Central Valley Transit Inc. (CVT) has just signed a contract to purchase light rail cars from a manufacturer in Germany for euro 3,000,000. The purchase was made in June with payment due six months later in December. Because this is a sizable contract for the firm and because the contract is in euros rather than dollars, CVT is considering several hedging alternatives to reduce the exchange rate risk arising from the sale.

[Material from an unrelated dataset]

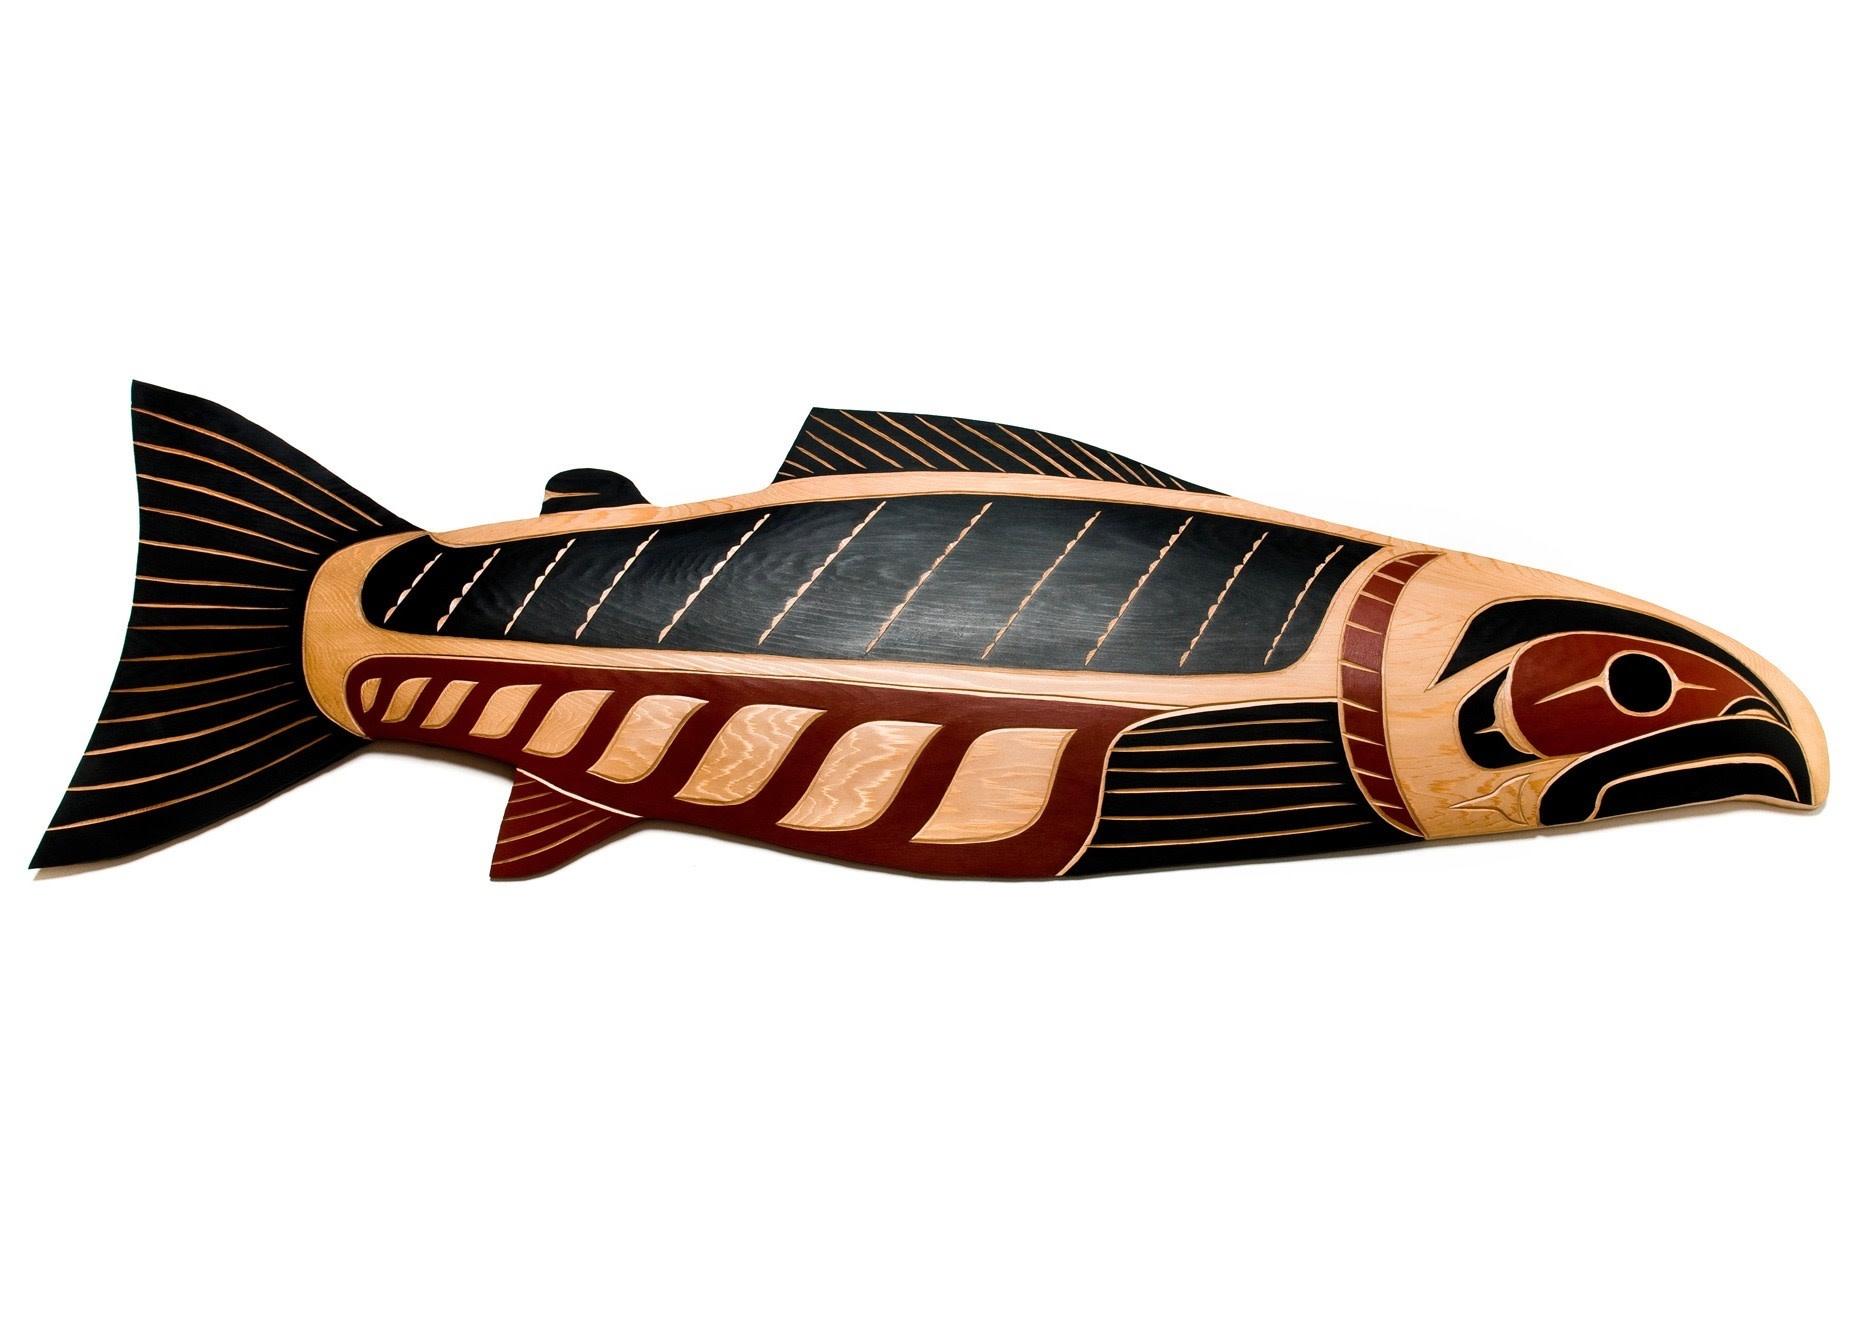 4' Salmon Plaque by David Louis Jr.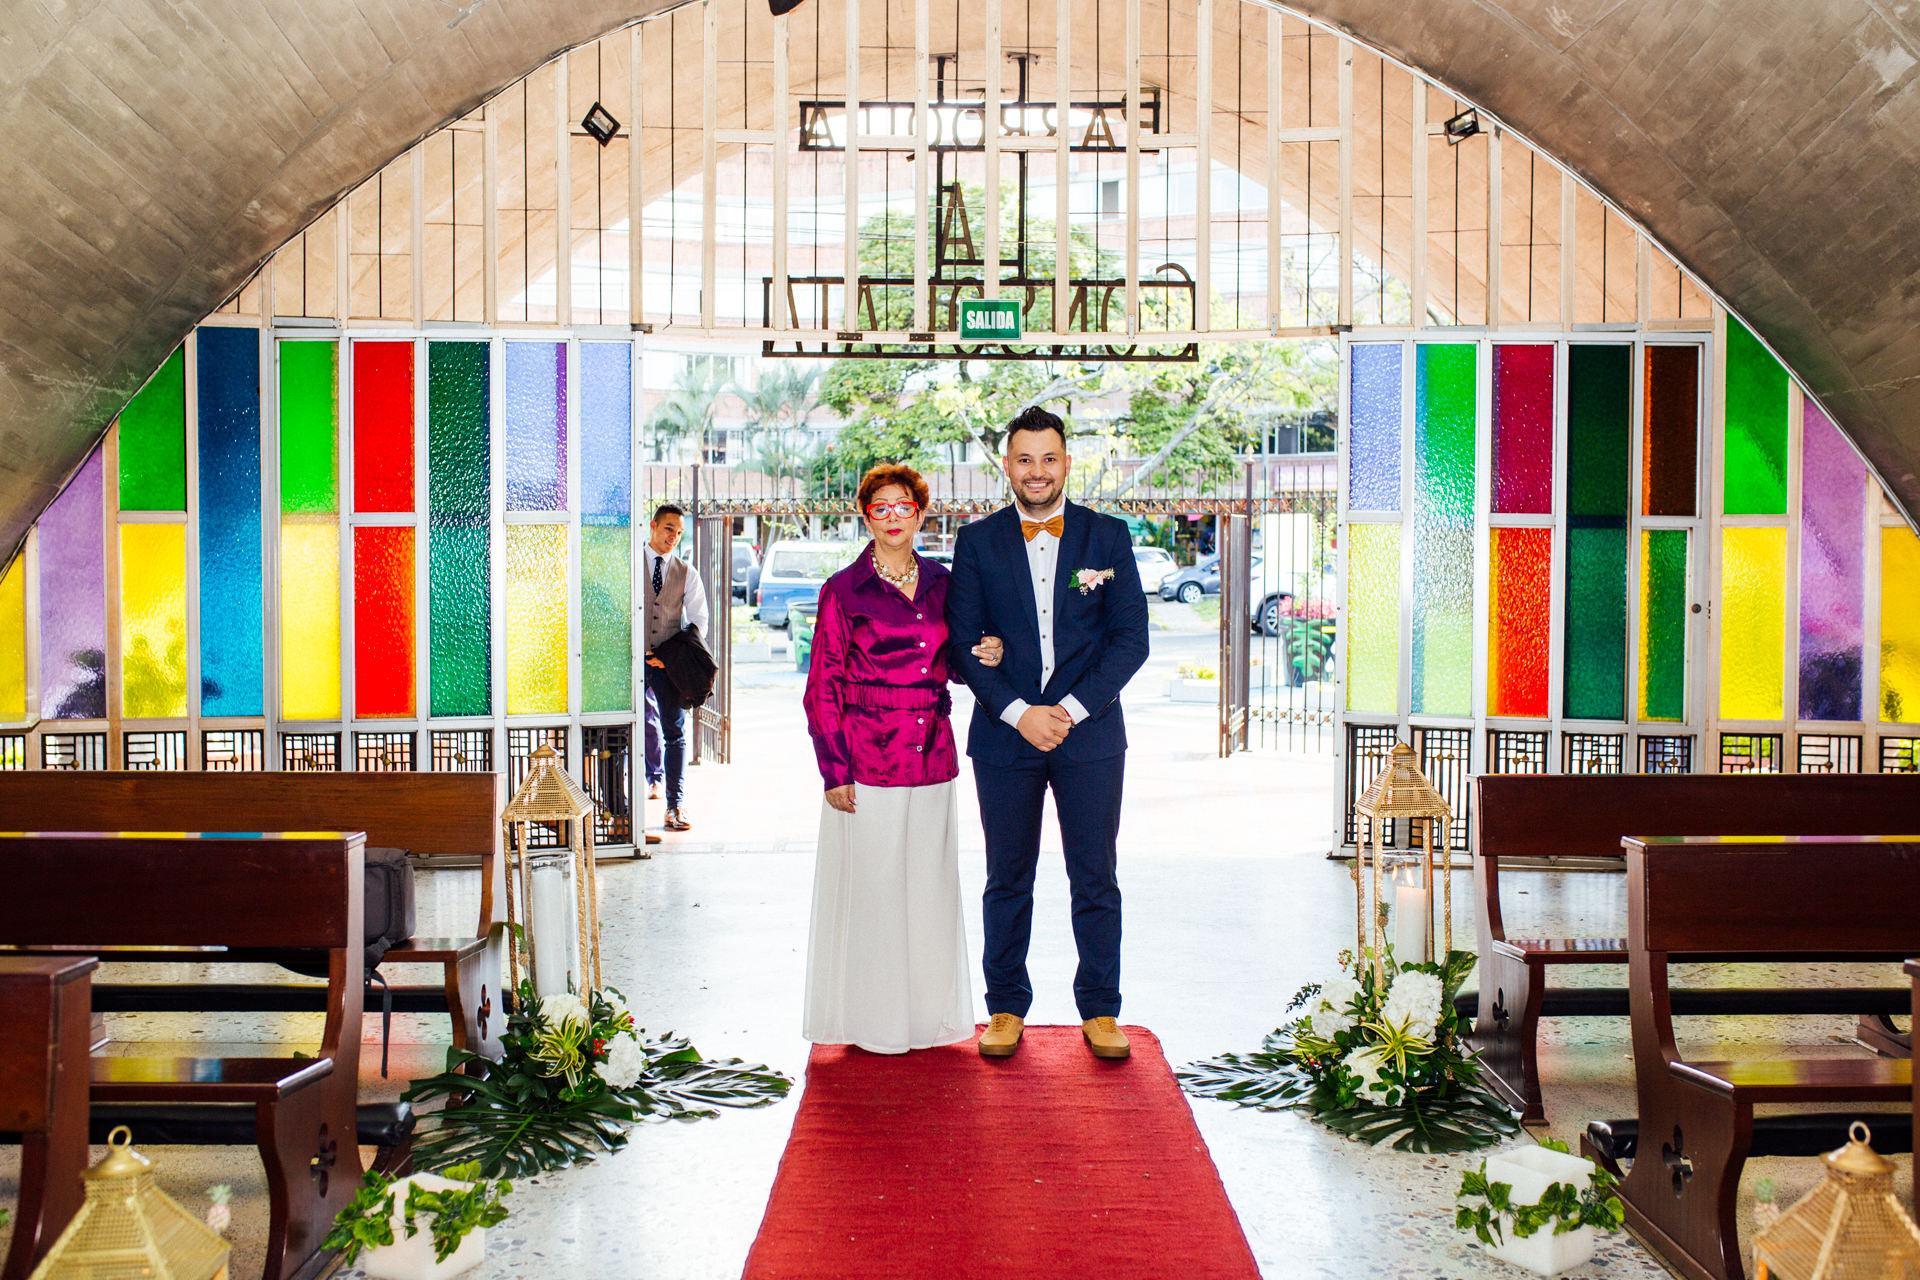 Wedding-Boda-Matrimonio-Fotografo-Fotografia-bodas-Medellin-Llanogrande-Colombia-Bogota-Cartagena-Miami-Wed-Destination-Photojournalism (80).JPG

To help the firm make a hedging decision you have gathered the following information.
The spot exchange rate is $1.250/euro
The six-month forward rate is $1.22/euro
CVT's cost of capital is 11%
The Euro zone 6-month borrowing rate is 9%(or 4.5% for 6 months) The Euro zone 6-month lending rate is 7%(or 3.5% for 6 months) The U.S.6-month borrowing rate is 8%(or 4% for 6 months)
The U.S.6-month lending rate is 6%(or 3% for 6 months)
December call options for euro 750,000; strike price $1.28, premium price is 1.5% CVT's forecast for 6-month spot rates is $1.27/euro
The budget rate, or the highest acceptable purchase price for this project, is $3,900,000 or $1.30/euro
11.2) Refer to Instruction 10.1. If CVT chooses to hedge its transaction exposure in the forward market, it will ________ euro 3,000,000 forward at a rate of ________.
A) buy; $1.22
B) buy; $1.25
C) sell; $1.22
D) sell; 1.25
12.6) Refer to Instruction 10.1. What is the cost of a call option hedge for CVT's euro receivable contract? (Note: Calculate the cost in future value dollars and assume the firm's cost of capital as the appropriate interest rate for calculating future values.)
A) $57,600
B) $59,904
C) $62,208
D) $63,936
13.7) Refer to Instruction 10.1. The cost of a put option to CVT would be:
A) $52,500.
B) $55,388.
C) $58,275.
D) There is not enough information to answer this question.